Dec 20 2012 4:45pm

Did A Man or A Woman Write This?

Author Teresa Frohock is doing an interesting experiment on her blog for the sake of gender politics: she has asked several SFF authors who you might know to contribute writing samples to her website under pseudonyms. Then she is asking people to vote on whether they think the segment was written by a man or a woman.

But it's also a contest! If you guess right, you're entered to win awesome books! And though it's not quite scientific, it is an interesting step in trying to understand or subconscious assumptions where gender is concerned. Check out the first sample here and cast a vote!
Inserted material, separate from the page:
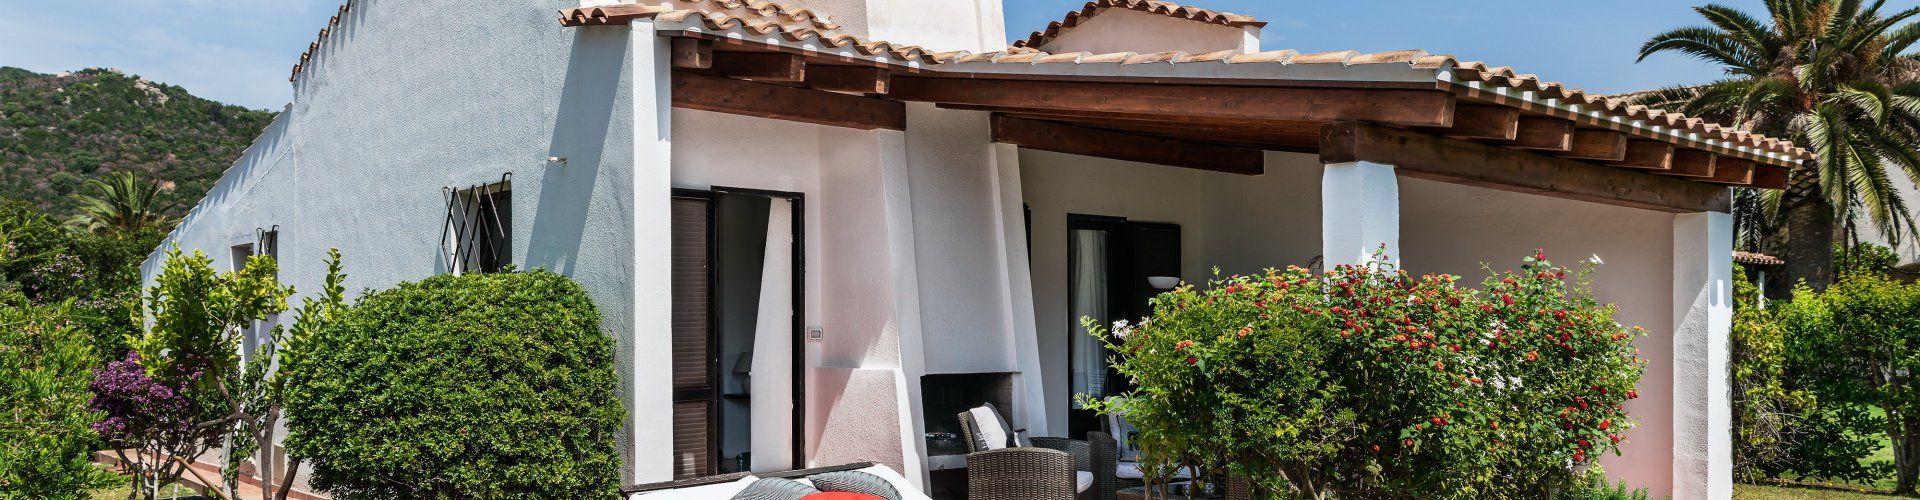 Terrace Villa Salvi, Costa Rei

Stubby the Rocket is deeply curious to know whether you think a man or a woman wrote this post.

Paul Weimer
1. PrinceJvstin
I heartily recommend this experiment. Should be interesting.
Fredrik Coulter
2. fcoulter
This reminds me of that great quote from a couple decades back. I can't remember who said it, but an SF great was asked about the current crop of SF writers, and he said something like "Other than James Tiptree, Jr., all the new great writers are women."

(I'm sure the quote will be corrected by someone else; I'm doing this from failing memory."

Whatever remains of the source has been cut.